Kenn Kaufman is a birding celebrity. He is well-known not only for his field guides but also for his North American Big Year, famously described in his memoir, Kingbird Highway, in which he describes his hitchhiking, cat-food eating, country-criss-crossing attempt at breaking the Big Year record (he did, but another birder beat the record by even more in the same year). He is also a conservationist, tour guide, magazine-article writer, and, by many accounts, an all around good guy. But even good guy birding celebrities have family and all the positives and negatives that family brings with them.
His latest book, Flights Against the Sunset: Stories that Reunited a Mother and Son, is based around not only his birding adventures, but around his seriously ill mother. The book is a series of tales of Kaufman’s experiences while birding, some real, some make-believe, as told to his mother while she was hospitalized. It is touching and funny, sublime and ridiculous, introspective and outward-looking. Most of all it is a tribute to his mother who “never had a good night’s sleep” when Kaufman, as a teenager, was on the road doing his Big Year.

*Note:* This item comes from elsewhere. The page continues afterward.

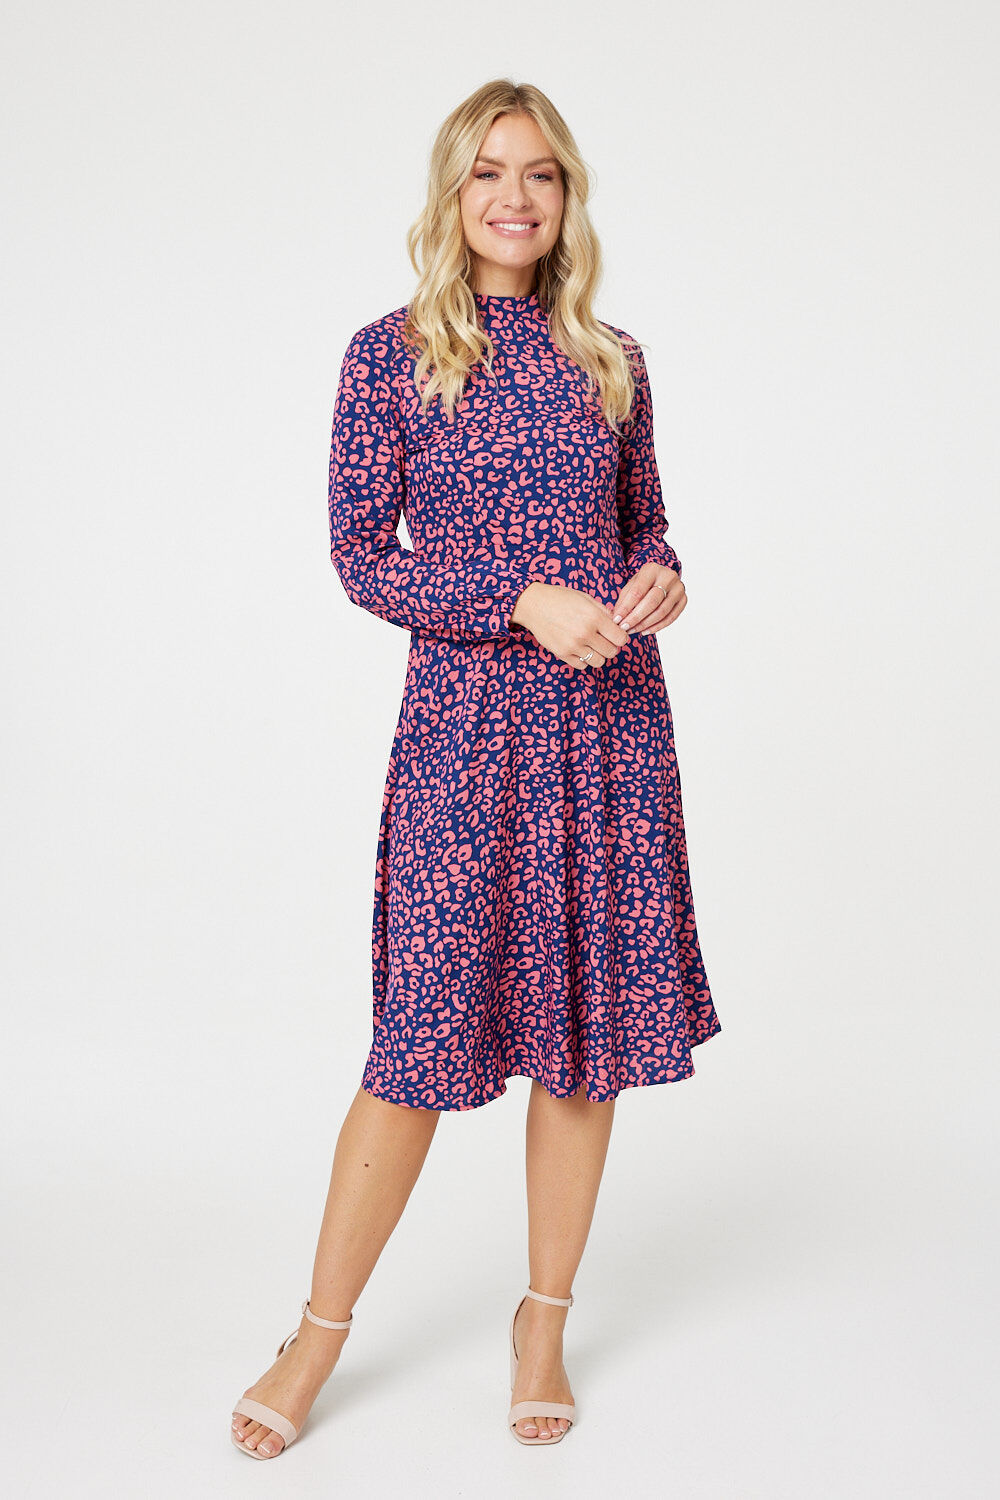 Izabel London Women’s Blue Leopard Print Stylish High Neck Tea Dress, Size: 12
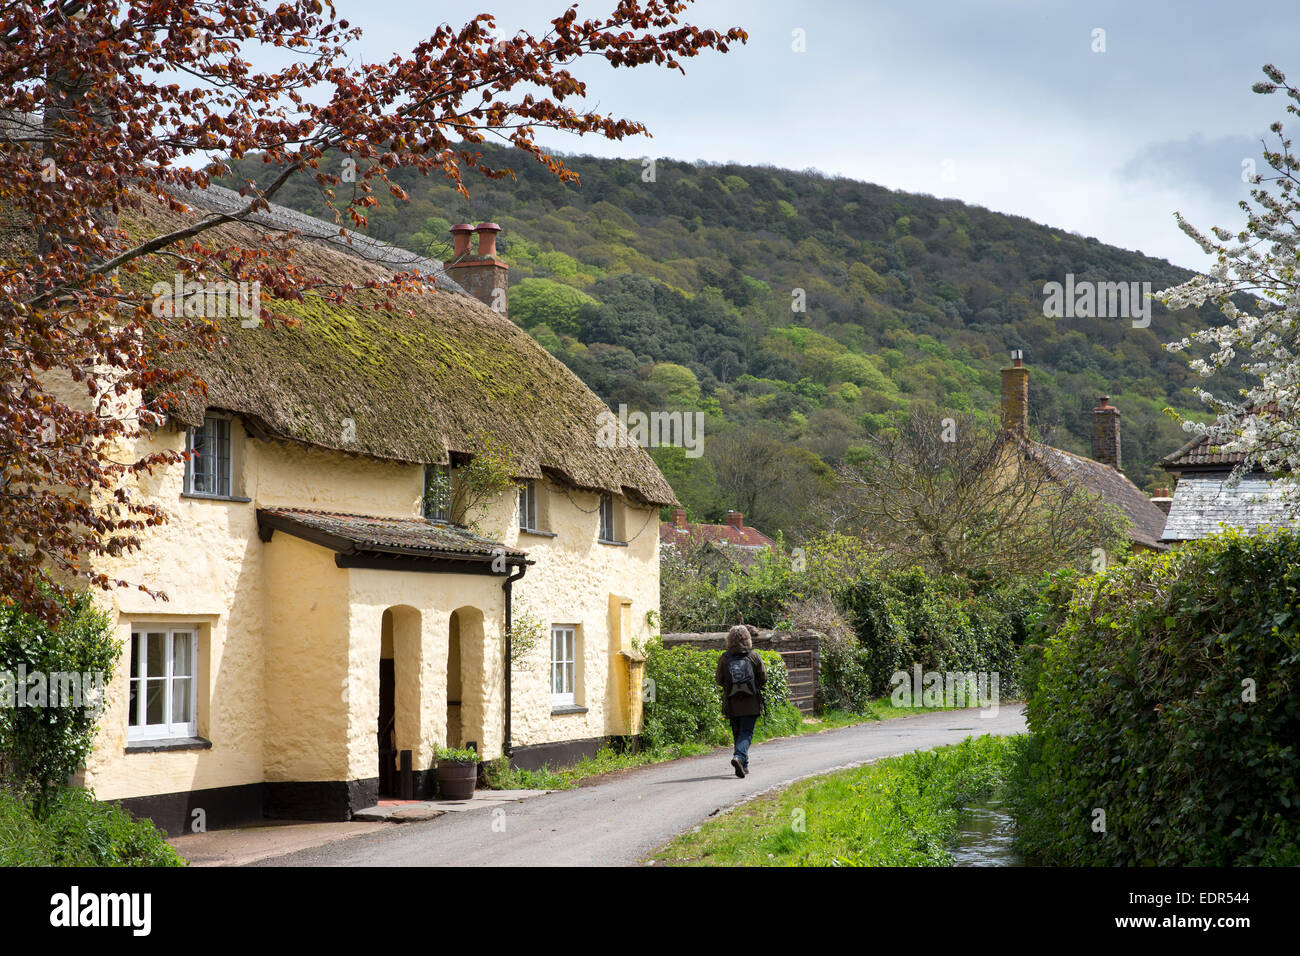 Lone walker passe village pittoresque traditionnel thatched cottage dans Bossington dans Exmoor, Somerset, Royaume-Uni Banque D'Images

The themes of some chapters will be familiar to those who, like me, read a lot of bird literature. One chapter called “Supercool” focuses on hard-core birders who are so intent on adding check marks to their lists that they ignore the common birds, and even the not-so-common birds, that they have already seen. Another describes the amazing spectacle of thousands and thousands of flamingos in Africa. But even though the choice of topics might be familiar Kaufman manages to make them interesting and one can almost feel what I imagine must be his engaging personality come through the page. As he says at the conclusion of the opening chapter:
This was no time for the dry details of ornithology. My subject matter would have to come from that frontier where the world of birds intersects with the world of the humans who pursue them.
Kaufman manages to stay true to this ideal, avoiding discussions of tertials or other mind-numbing details of avian topography and focusing instead on the experiences of a lifetime of birding both alone and with a host of birders and non-birders. He also turns introspective, meditating on his mother’s life and how her marriage at a young age limited her horizons but allowed him and his brothers the chance to fulfill their dreams.
Perhaps my favorite chapter in the book is when he describes his thirteen-year-old self on a “date” with the prettiest girl in his English class. Instead of paying attention to her he pays attention to an unfamiliar buzzy bird song. Even when he compliments her it is in terms of birds, comparing the color of her hair to a Buff-breasted Sandpiper. Rather than make a move and get his first kiss while they sat on a river bank under a willow tree he winds up distracted by bird song and left with the birds (a decision which he doesn’t seem to regret).
Some books of essays and articles lack a unifying theme that makes the book work as a whole. This is not one of them. The chapters in which Kauffman tells his birding tales are interspersed with meditations on his mother, his family, and how he became a top notch birder. There are also the matters of flying penguins and whether or not Kauffman’s mother is right about Black-capped Chickadees being in her backyard. Having his relationship with his mother as the central theme in the book frees Kauffman to take flights of fancy in a couple of the stories he tells, especially the one about the birding motorcycle clubs.
All-in-all this slim volume is worth owning. It would make a perfect Mother’s Day gift, especially if you were fortunate enough to get into birding young and have a long-suffering mother who gave you rides to see rarities. I’m a quick reader so I finished it on a couple of subway rides but I have a feeling I’ll be returning to it to reread some of the sections that really struck home. If how Kenn Kauffman turned out is any indication of what kind of person his mother is then she must be one heck of a lady!
Sounds like one to check out. I enjoyed Kingbird Highway, and I like the way he writes. Thank for the review, Corey.
It is a shame that MR. Kaufmann has not experienced the actions of the many Northern Goshawks -winter residents and always in flight- that reside in Tucson and can be found perusing the landscape in all areas of the city limits and just outside the city limits. Is is beyond my comprehension- that he can be so ignorant of what is occurring in the sky over Tucson. nelson briefer- Northern goshawk Specialist- 22 months of observing goshawks in Tucson- statrting in winter 2000-01.
@Nelson: I have no idea what you are talking about nor do I understand why you would post such a comment on a review of one of Kenn’s books.
I’ve a question: if they’re ‘always in flight’ how do they eat, as Goshawks don’t feed on the wing? Or sleep, drink, breed, or roost on the wing. Is Mr Nelson a ‘pigeon fancier’ by any chance as this sounds like the typical opportunistic whinge of a member of an anti-raptor interest group? Come on Mr Nelson, you race pigeons don’t you, because it seems unlikely you were ‘observing goshawks’ very closely and if you were you were obviously intending to make a specific point which you then forgot to make…Pigeon racer, I’d put money on it.